Diversi fattori concorrono a modificare il PSA. Tra questi la terapia con inibitori della
5-α-reduttasi, che riduce la concentrazione serica fino al 50% entro 12 mesi dall'inizio della
terapia. Le infezioni, il cateterismo vescicale e le procedure transuretrali endoscopiche sono in
grado di alterare il dato, mentre non sono univoci i pareri circa l'influenza dell'eiaculazione,
anche se è consigliabile eseguire il test del PSA dopo 24-36 ore.
La massima efficacia per la diagnosi precoce del CaP nasce dalla combinazione del PSA con la
DRE. Ci sono evidenze che suggeriscono come lo screening con solo PSA ignori il 17% dei CaP
se il cutoff per la biopsia è 4 ng/ml.
Considerando che il CaP è una condizione altamente prevalente, gli esiti possono essere migliori
con la diagnosi precoce. Anche se due grandi studi clinici sono stati recentemente pubblicati a
supporto, lo screening di popolazione è ancora considerato controverso, in quanto espone i
pazienti a rischi, incluse le complicanze rare, ma serie della biopsia o la morbidità secondaria al
trattamento del CaP. L'assenza di un inequivocabile beneficio dello screening di popolazione
sulla sopravvivenza per CaP non permette alle linee guida di raccomandare lo screening ed
esplicitamente lo sconsiglia nei soggetti >75 anni. Il MMG se tiene conto di età, razza, storia
familiare, PSA e sua cinetica, potrà fornire al paziente elementi utili per una decisione che alla
fine rimane solo sua.
La sfida terapeutica nella gestione del CaP è tutta centrata sulla decisione di che trattamento fare
e quando farlo. La biopsia ci offre informazioni sul grado della neoplasia, ma può sottostimarla
nel caso venga ignorata un'area ad alto grado. Esistono vari protocolli per identificare i casi a
basso rischio in cui è indicata la sorveglianza attiva. In questi soggetti, per ovviare alla
sottostadiazione, vengono eseguite biopsie ripetute nel tempo, con monitoraggio di PSA e DRE.

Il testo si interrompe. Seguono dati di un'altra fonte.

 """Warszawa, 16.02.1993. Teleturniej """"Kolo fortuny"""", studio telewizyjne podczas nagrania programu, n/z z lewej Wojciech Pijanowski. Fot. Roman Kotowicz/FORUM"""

Se la malattia è in progressione (per incremento di PSA o PSAV, o riconoscimento di un alto
grado alla biopsia) è indicata la terapia. La sorveglianza attiva si distingue dalla "vigile attesa"

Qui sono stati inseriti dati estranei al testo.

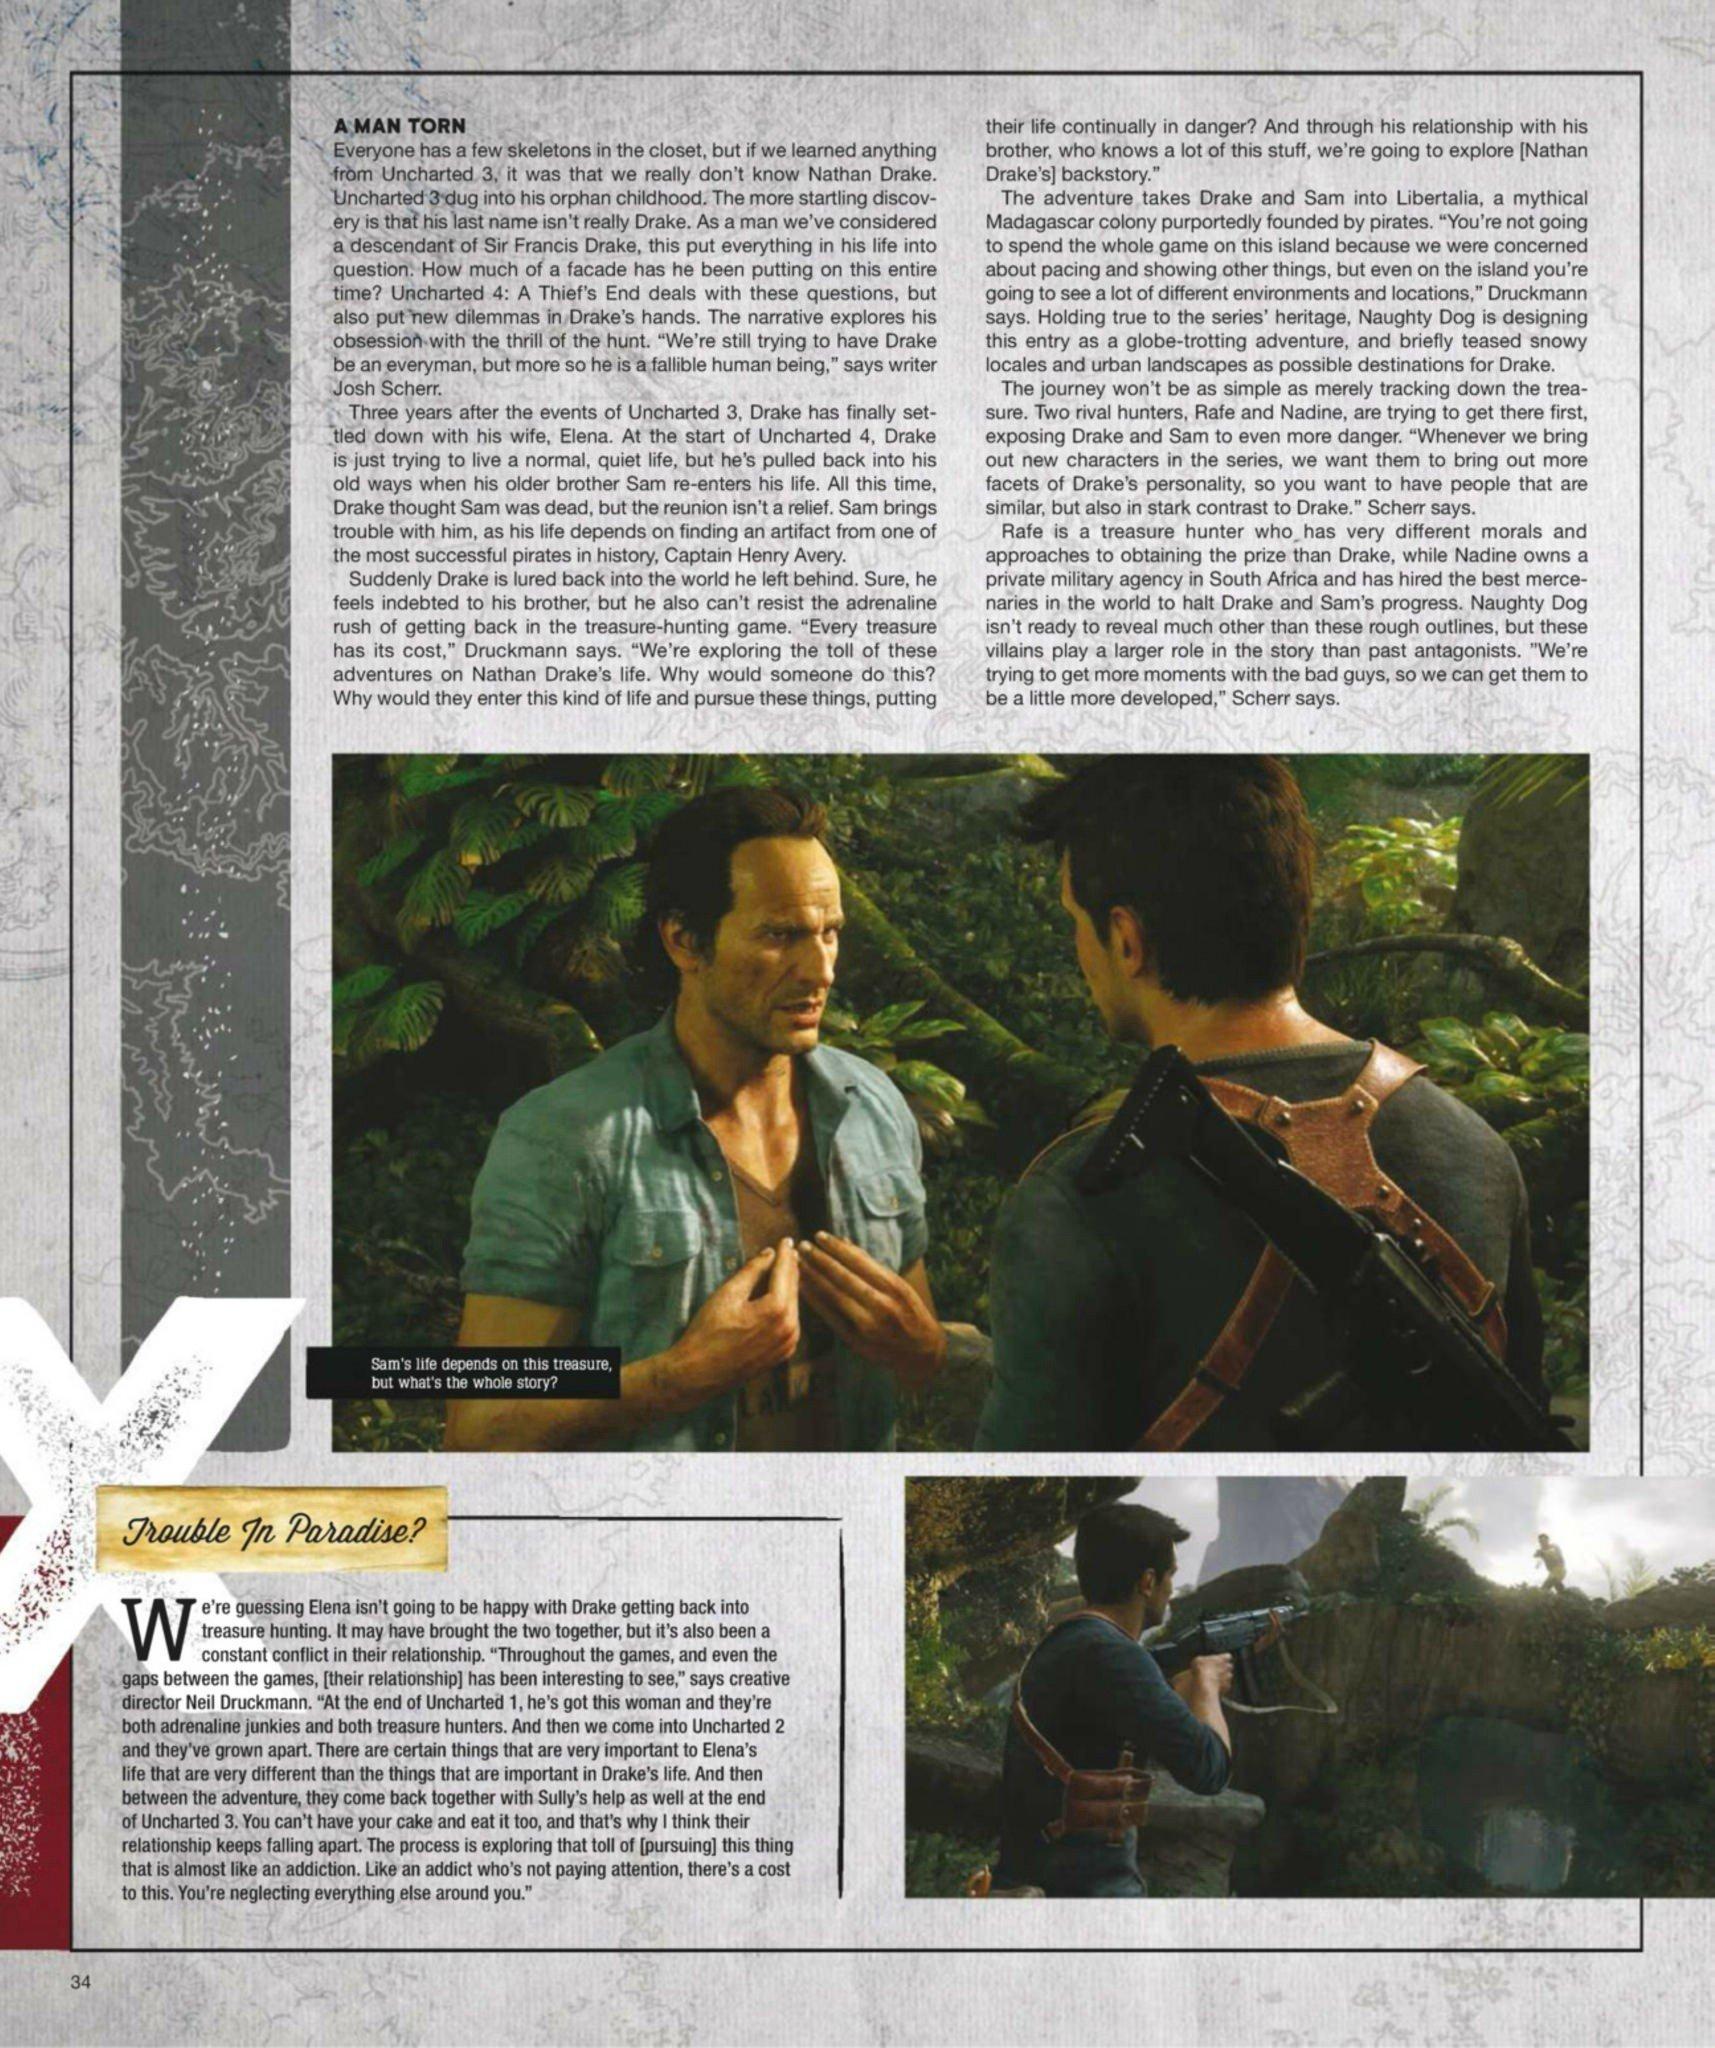 Сканы Uncharted 4: A Thief's End из свежего номера Game Informer  - Изображение 6

che viene proposta a uomini con aspettativa di vita limitata o gravi comorbidità monitorizzando
l'emergenza di problemi di estensione locale o malattia metastatica.
Il CaP localizzato è trattato con la chirurgia o la radioterapia. La prostatectomia radicale retro
pubica ha un eccellente esito oncologico con incontinenza nel 10% e un risparmio della funzione
sessuale nel 50-60% dei casi. Gli esiti delle tecniche robot-assistite non sono attualmente
valutabili nel lungo termine. La radioterapia è diventata più efficace e meglio tollerata per
tecniche più sofisticate nella definizione del campo di irradiazione con esclusione di vescica e
intestino. In soggetti ad alto rischio si migliorano gli esiti con l'associazione alla radioterapia
dell'ablazione degli androgeni. Le terapie emergenti con ultrasuoni focali ad alta intensità
(HIFU) e la crioterapia sono interessanti per la scarsa invasività. Si attendono miglioramenti
tecnici in grado di ridurre le complicanze locali come la fistola uretrale.

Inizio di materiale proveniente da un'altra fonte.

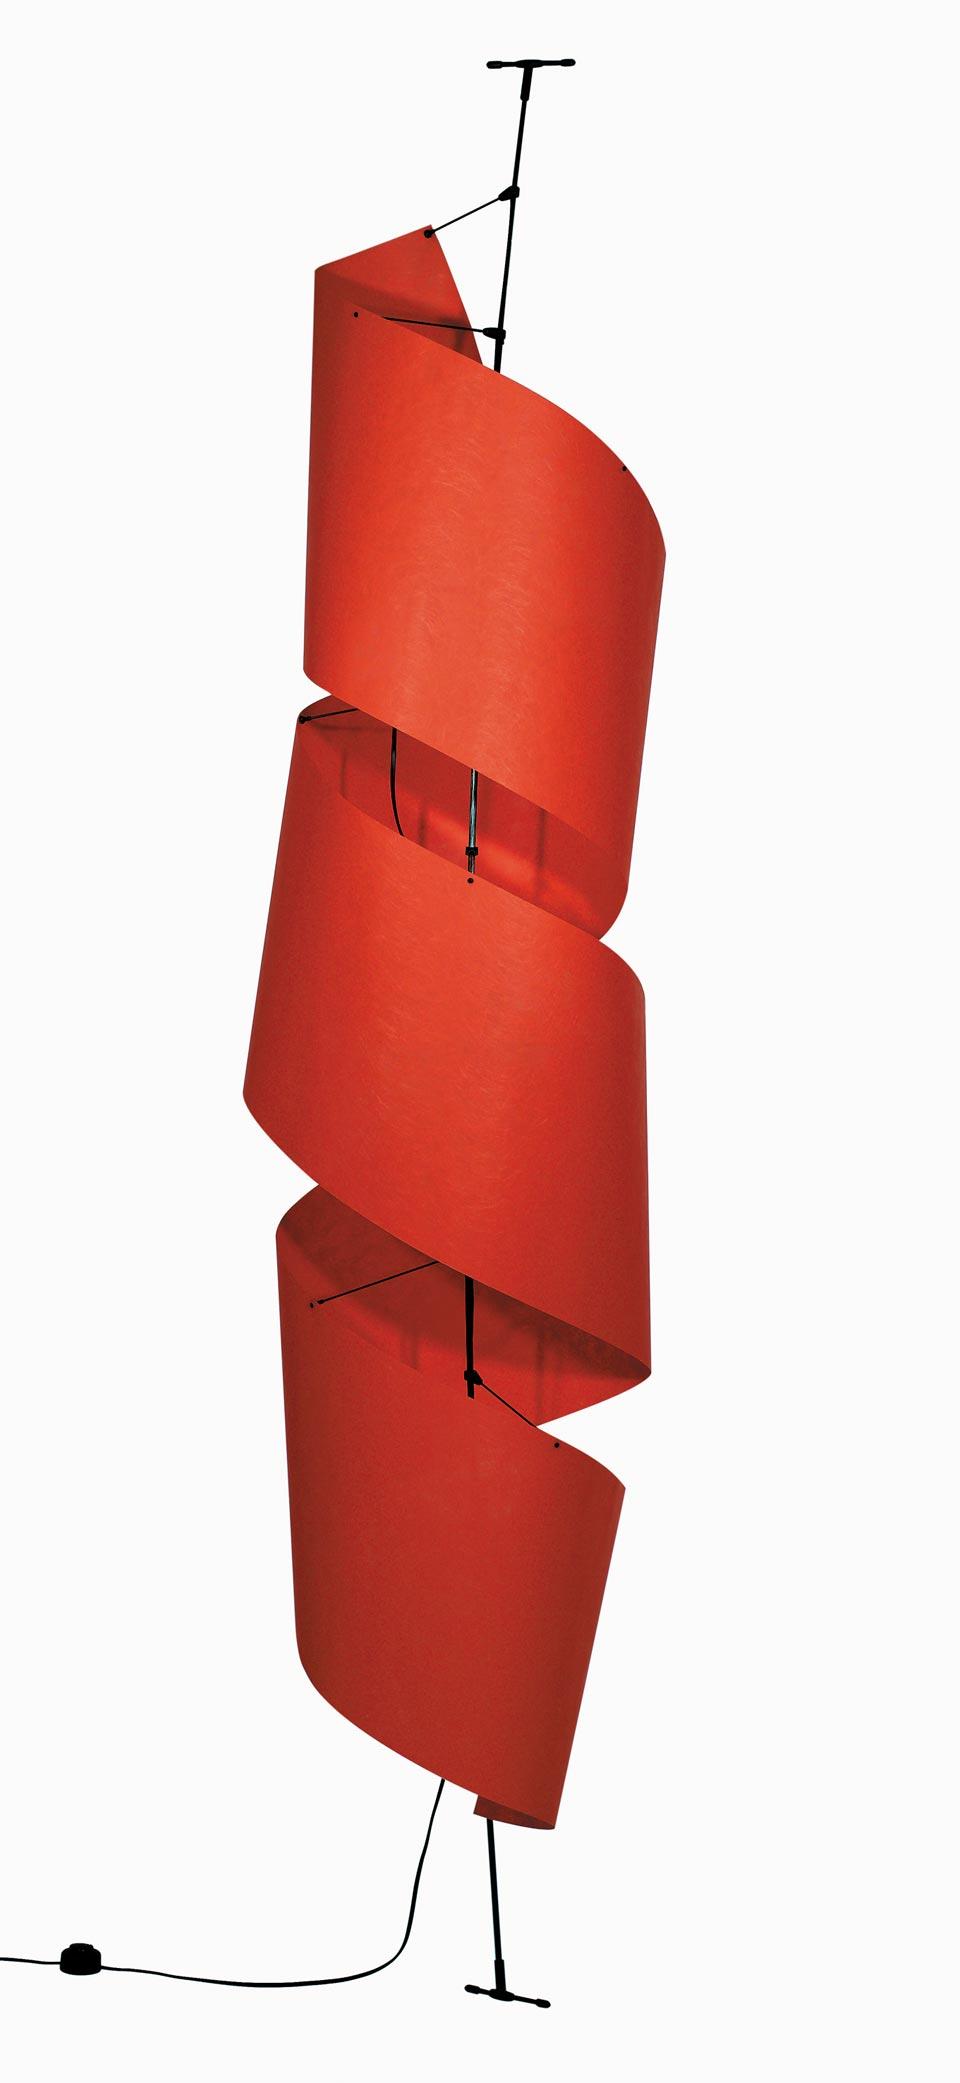 Lampadaire Spy rouge en papier non tissé. Vicky Weiler.

In conclusione, se si considera l'invecchiamento della popolazione del mondo industrializzato, è
probabile che i MMG vedranno un numero sempre più crescente di uomini con IPB o CaP, nei
quali sarà utile una gestione in stretta collaborazione con gli urologi per formulare un corretto
giudizio clinico su significato, modalità e timing di diagnosi e trattamento.